The collaboration between neoliberal intellectuals and segregationists involved opportunism on both parts, to be sure. But what made it work was the overlap in their values and views of government. Each placed a premium on the liberty of those who had long profited from racial capitalism and sought to shield it from government action on the part of Americans, Black and white, committed to democratic values. At a moment when at least some whites in the South were prepared to accept a more equitable society, neoliberals lined up with the beneficiaries of the old order. Not surprisingly, the outcome was not freedom, but the entrenchment of structural racism.

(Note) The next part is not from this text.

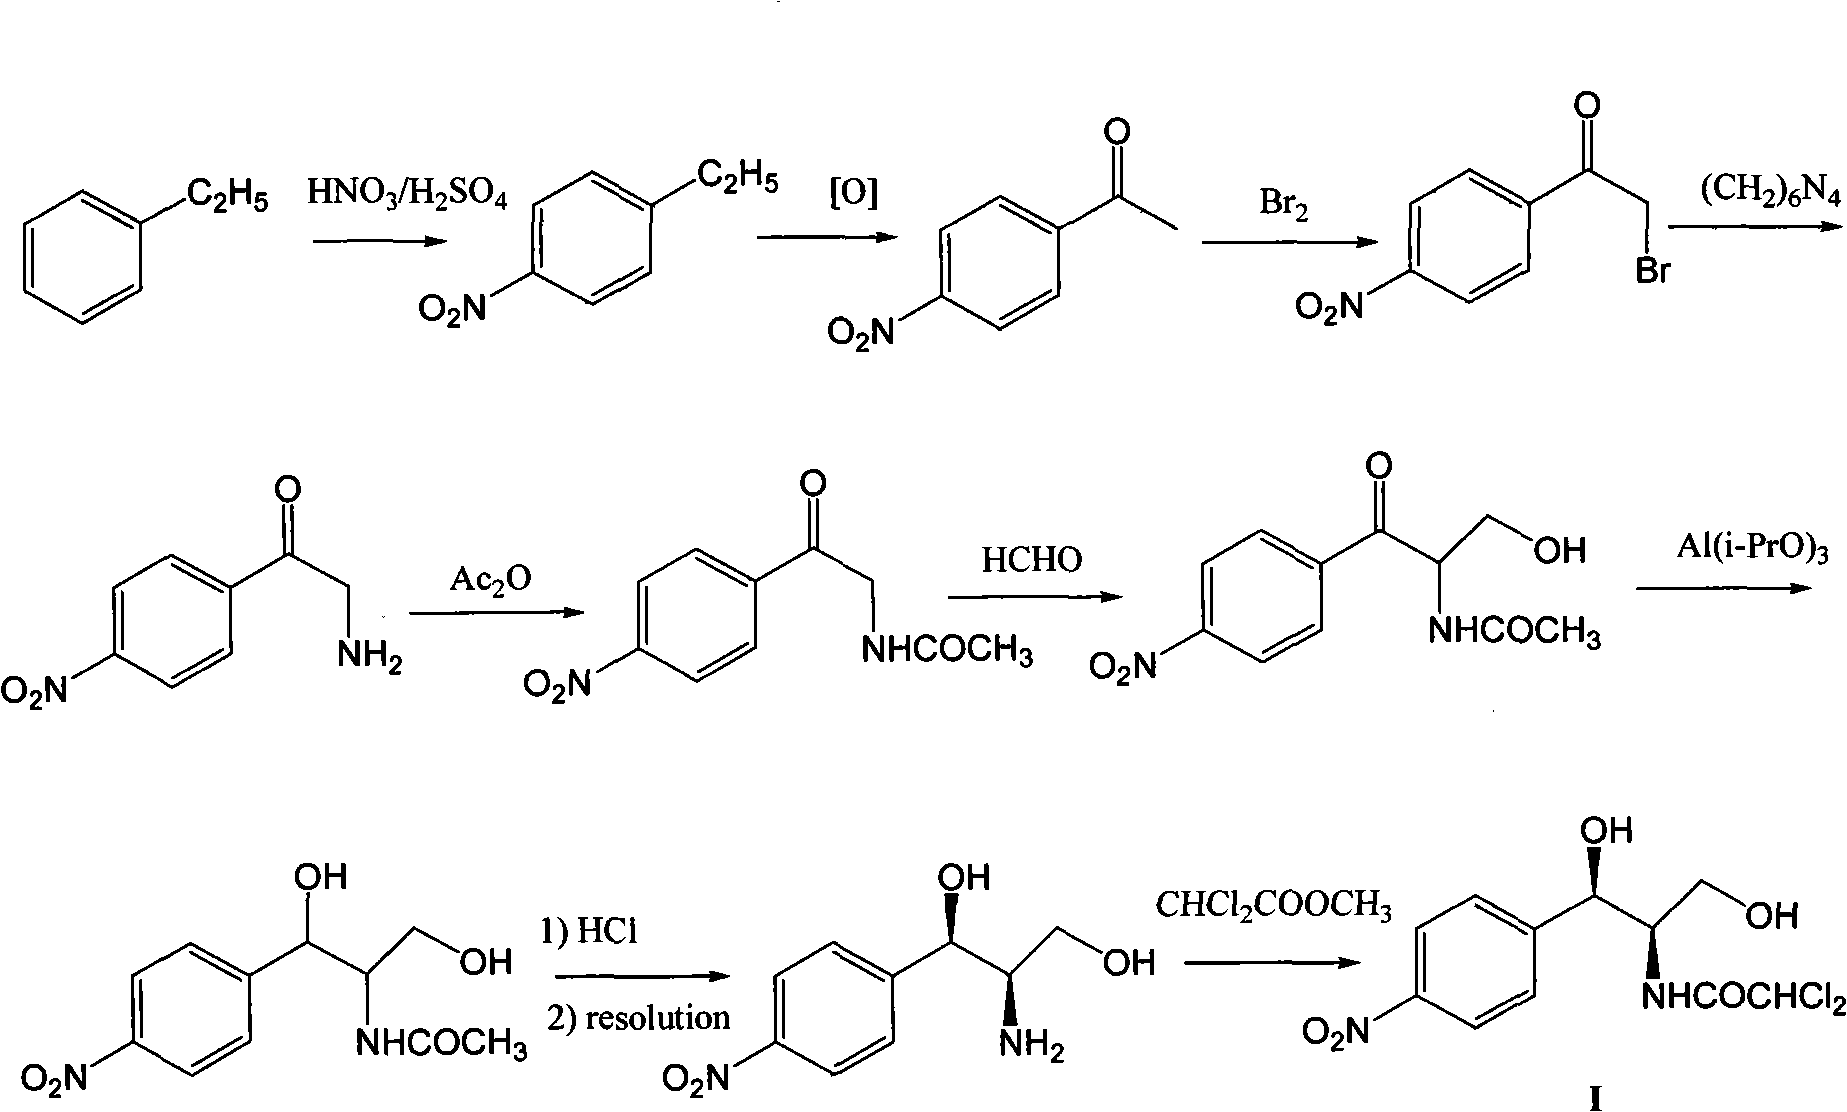 Method for synthesizing chloramphenicol from nitromethane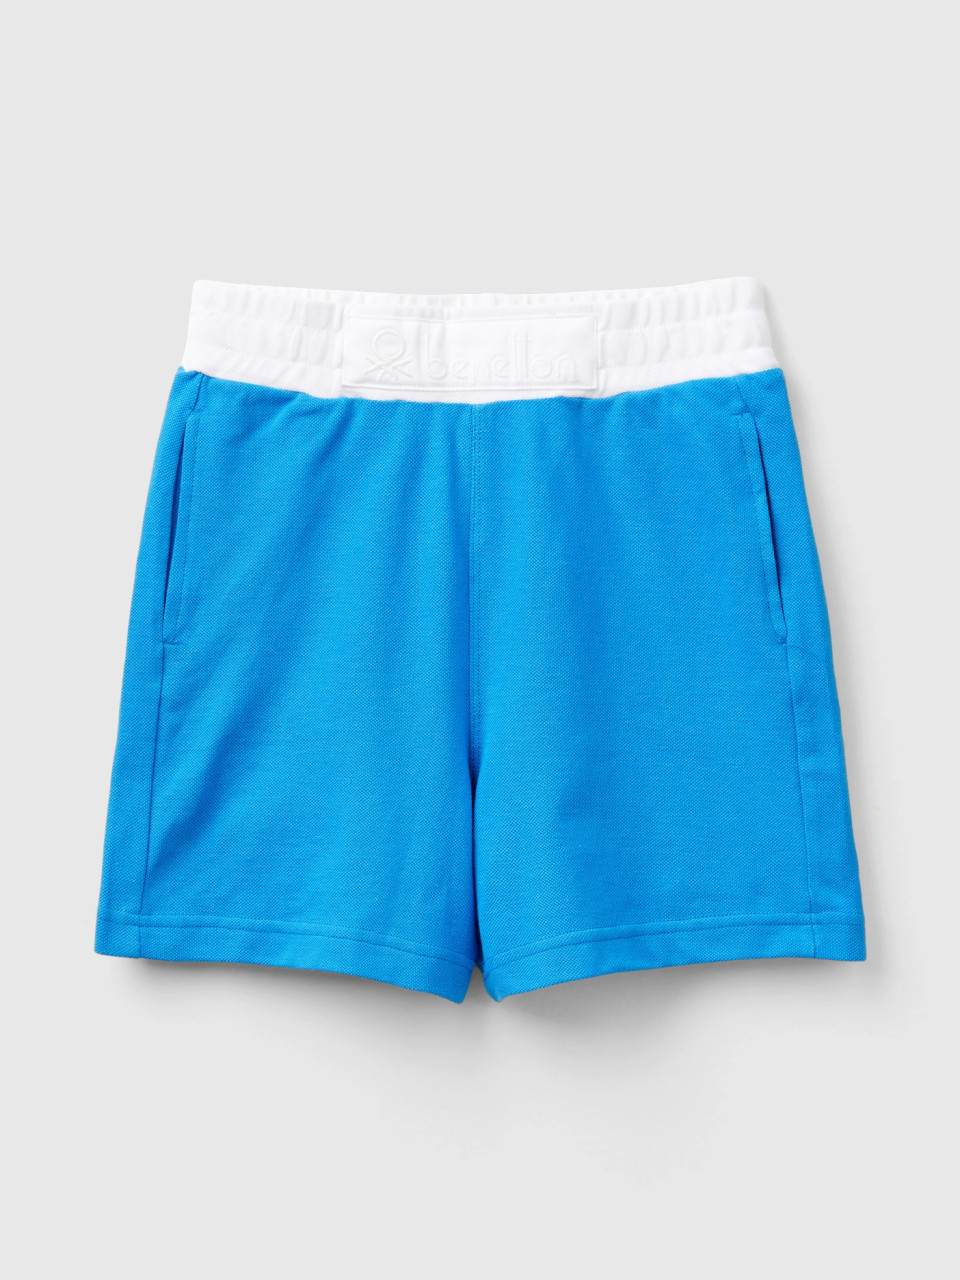 Benetton, Organic Cotton Shorts, Blue, Kids

And the sad fact of the matter is that improving education was never the true reason for free-market fundamentalists’ embrace of vouchers. As Friedman signaled in that first 1955 manifesto and argued for over a half century, school “choice” was a way station on the route to radical privatization. The vouchers were a tactic. The strategy they served was to stick parents with the full cost of their children’s schooling and the labor of finding and arranging it.
“In my ideal world, government would not be responsible for providing education any more than it is for providing food and clothing,” Friedman repeated in 2004 what he had long maintained. “Private charity would be more than ample to assure that there were schools available for every child.” He was as frank in addressing a meeting of the American Legislative Exchange Council (ALEC) four months before his death in 2006. Said Friedman: “the ideal way [to give parents control of their children’s education] would be to abolish the public school system and eliminate all the taxes that pay for it.” In the real world, this would be engineered inequality so staggering that it would make today’s inequities look modest by comparison.
That is what today’s libertarian billionaire backers of vouchers, with Charles G. Koch in the lead, are keeping from the unsuspecting parents on whom the cause relies for electoral success, now Black and Latino as well as white. Vouchers, like freedom, are a horse to ride somewhere. The destination would shock most people, but soon it could be too late to reverse course.